====== Data records

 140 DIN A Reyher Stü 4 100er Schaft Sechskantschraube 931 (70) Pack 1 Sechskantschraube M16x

============
====== Data records

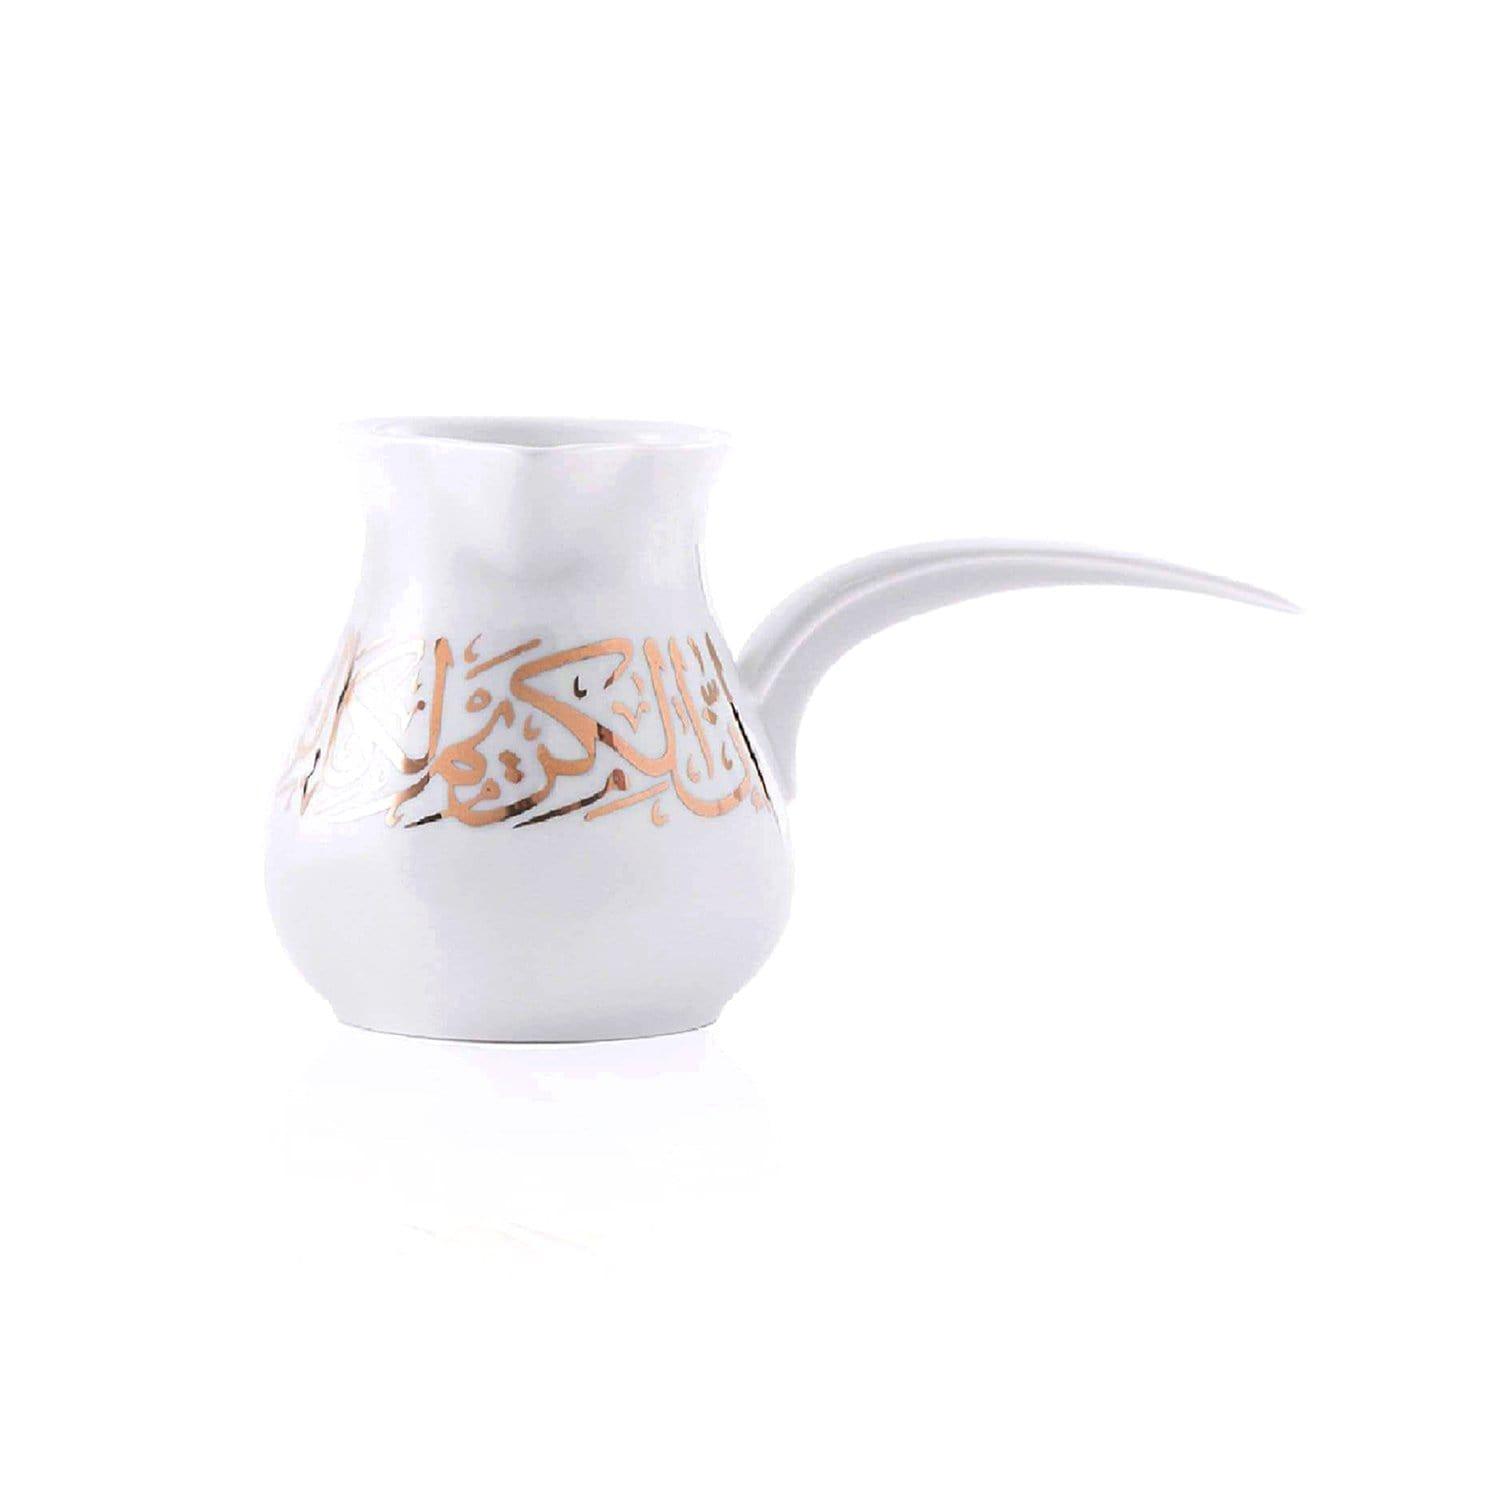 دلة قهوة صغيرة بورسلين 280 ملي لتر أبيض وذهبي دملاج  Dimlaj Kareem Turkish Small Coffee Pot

============
====== Data records

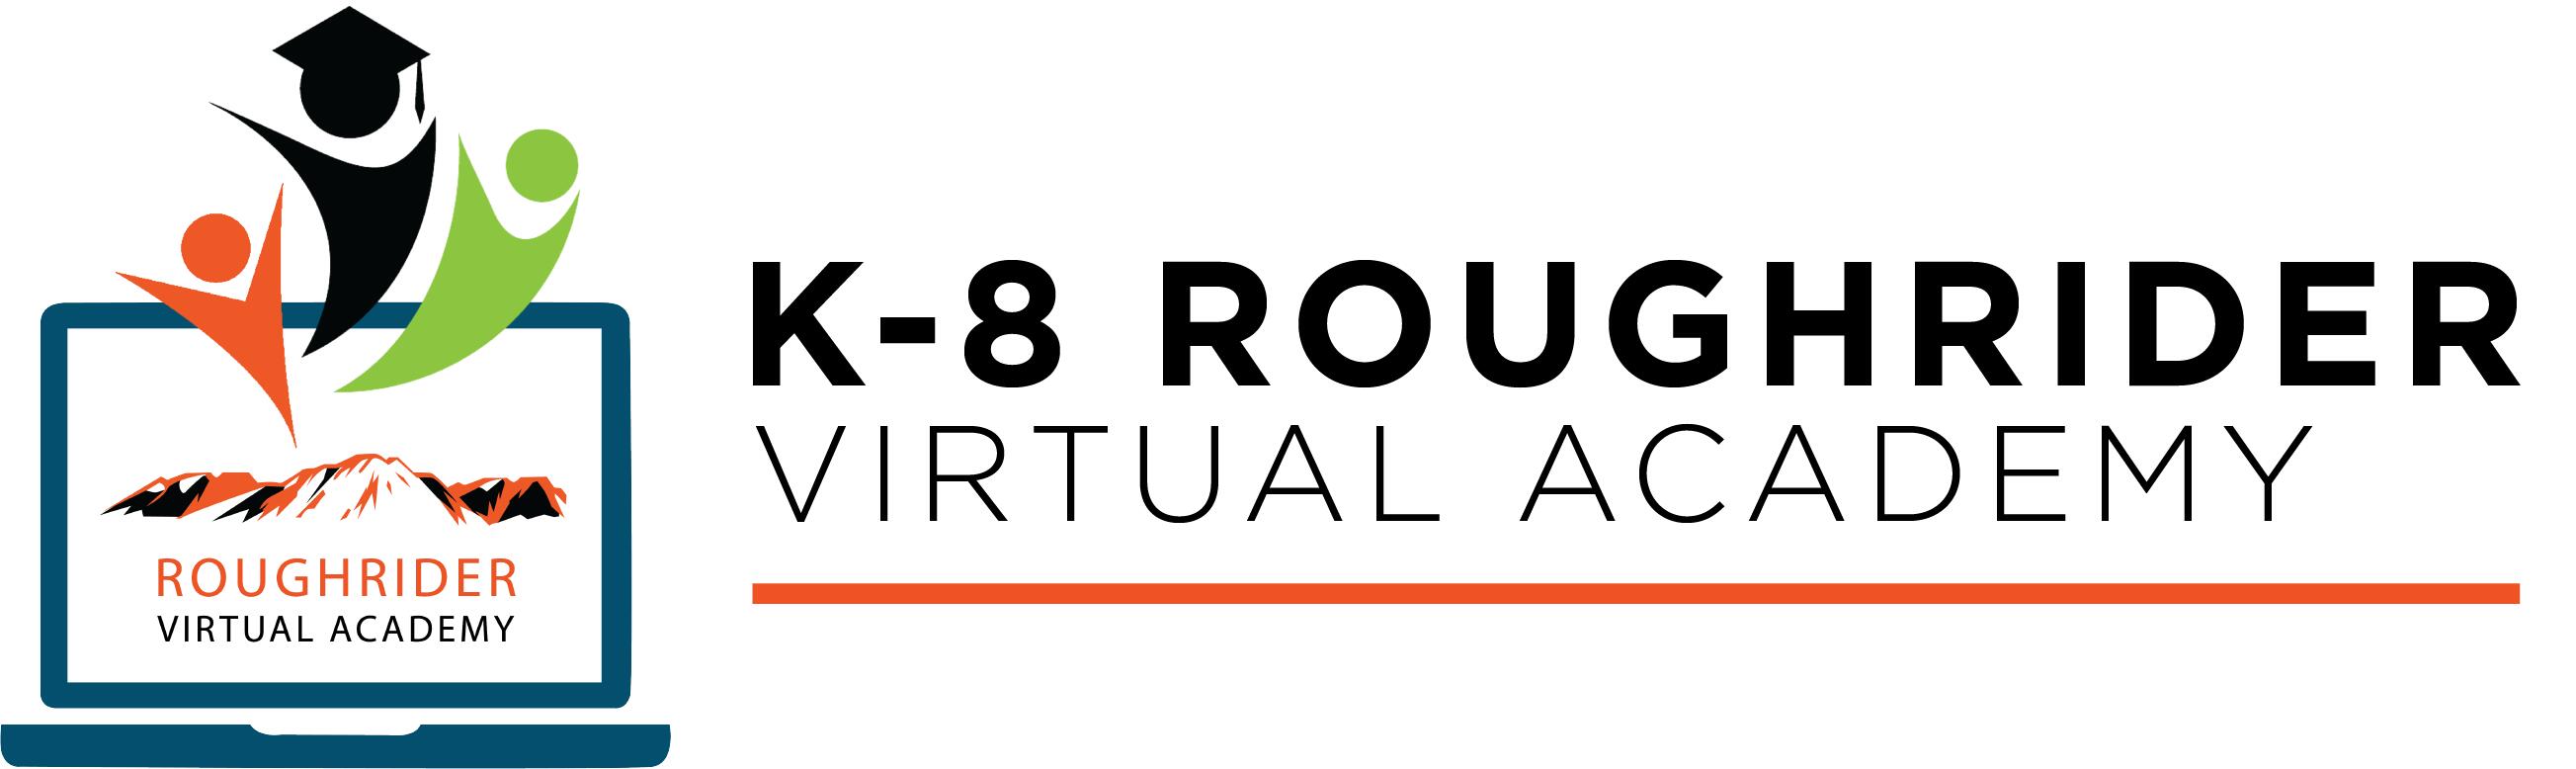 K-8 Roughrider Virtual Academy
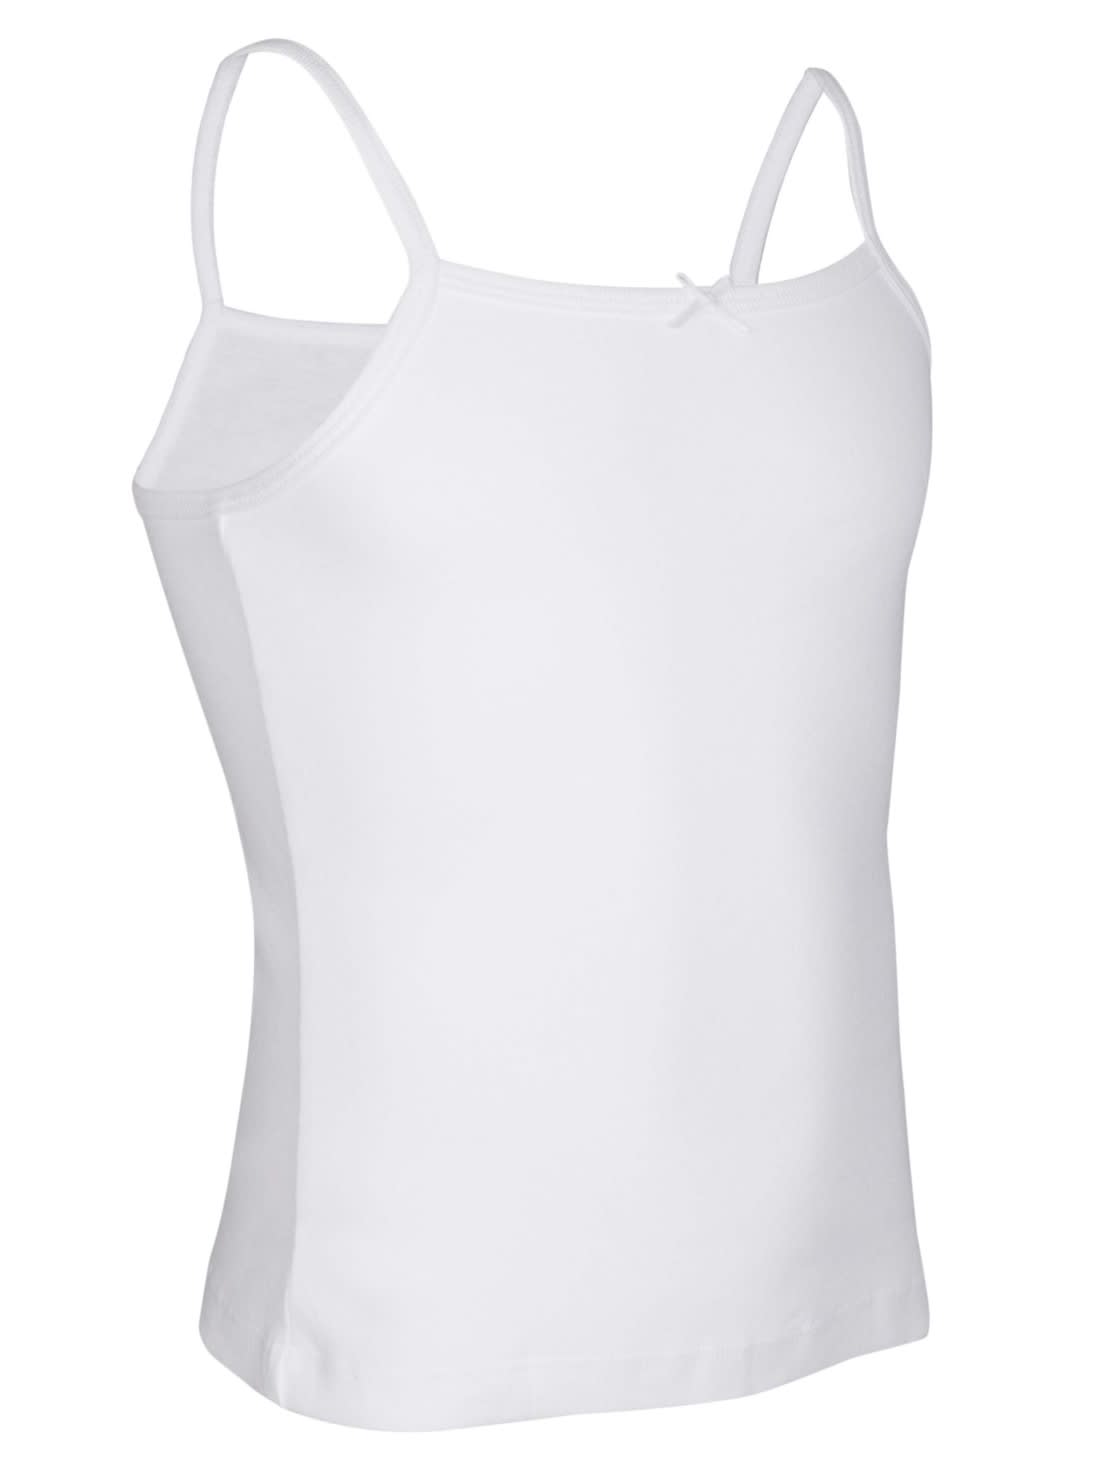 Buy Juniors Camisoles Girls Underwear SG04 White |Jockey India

============

* [Brief]
Write out exactly the lines above between the one with "K-8 Roughrider Virtual Academy" and the one with "Buy Juniors Camisoles", inclusive, with pictures left out.

* [Task solution]
 K-8 Roughrider Virtual Academy
 Buy Juniors Camisoles Girls Underwear SG04 White |Jockey India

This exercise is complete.